Richard Blondell, the chairman of the training committee at the ABAM, said the group expected to accredit an additional 10-15 schools this year.

The rethinking of addiction as a medical disease rather than a strictly psychological one began about 15 years ago, when researchers discovered through high-resonance imaging that drug addiction resulted in actual physical changes to the brain.

Armed with that understanding, "the management of folks with addiction becomes very much like the management of other chronic diseases, such as asthma, hypertension or diabetes," said Daniel Alford, who oversees the program at Boston University Medical Center.

Central to the understanding of addiction as a physical ailment is the belief that treatment must be continuing in order to avoid relapse. Just as no one expects a diabetes patient to be cured after six weeks of diet and insulin management, Dr. Alford said, it is unrealistic to expect most drug addicts to be cured after 28 days in a detoxification facility.

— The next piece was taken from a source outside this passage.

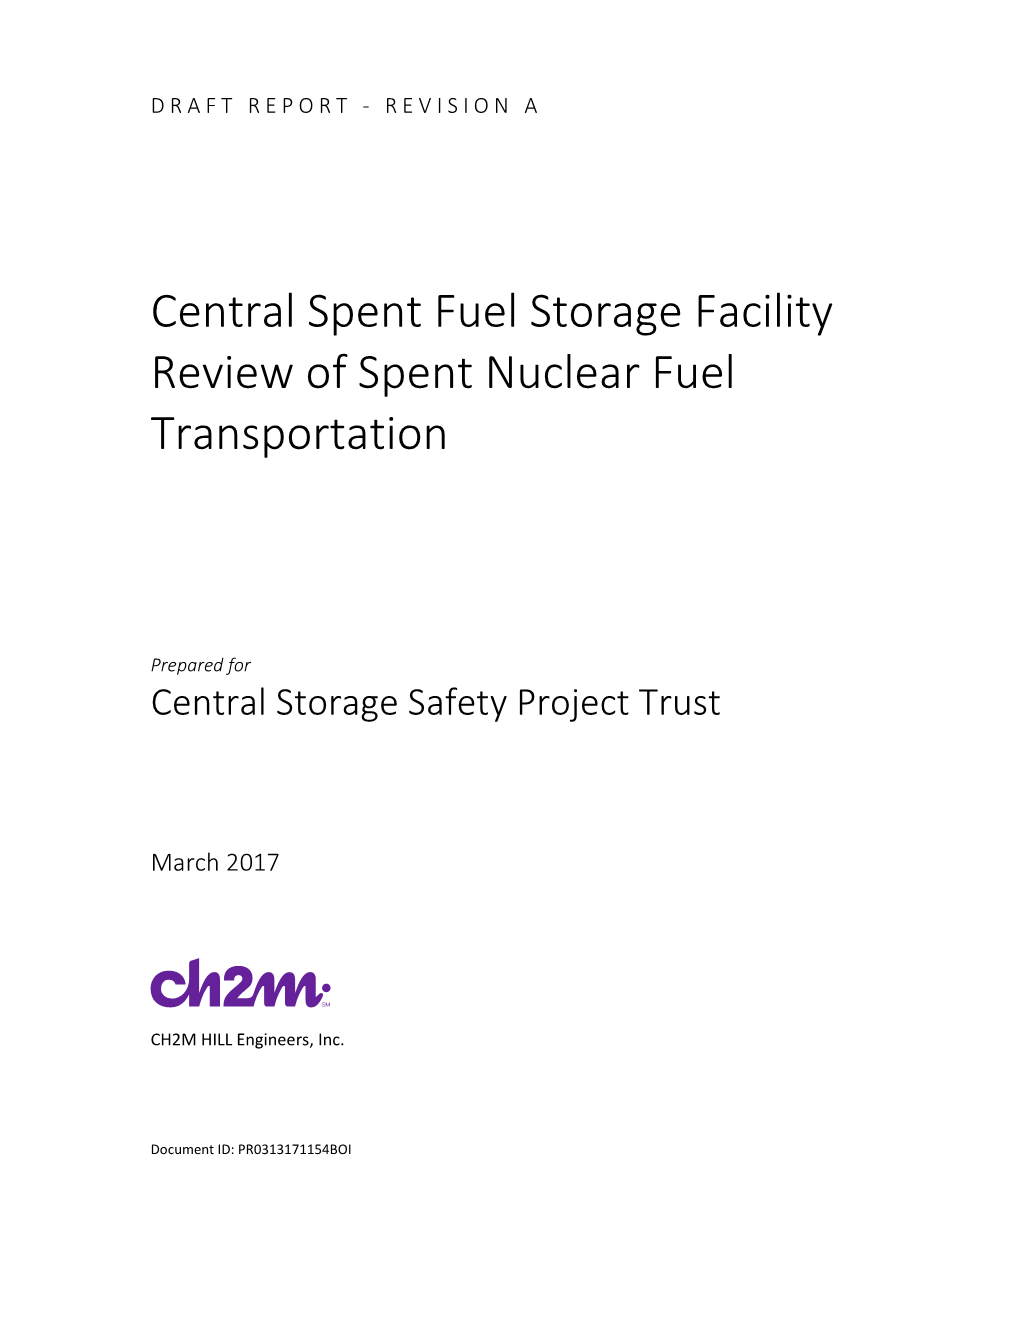 Central Spent Fuel Storage Facility Review of Spent Nuclear Fuel Transportation

Increasing interest in addiction medicine is a handful of promising new pharmaceuticals, most notably buprenorphine (sold under names like Suboxone), which has proved to ease withdrawal symptoms in heroin addicts and subsequently block cravings, though it causes side effects of its own. Few addiction medicine specialists advocate a path to recovery that depends solely on pharmacology, however.

Equally maligned is the idea that psychiatry or 12-step programs are adequate for curing a disease with physical roots in the brain. Many people who abuse substances do not have psychiatric problems, Dr. Alford noted, adding, "I think there's absolutely a role for addiction psychiatrists."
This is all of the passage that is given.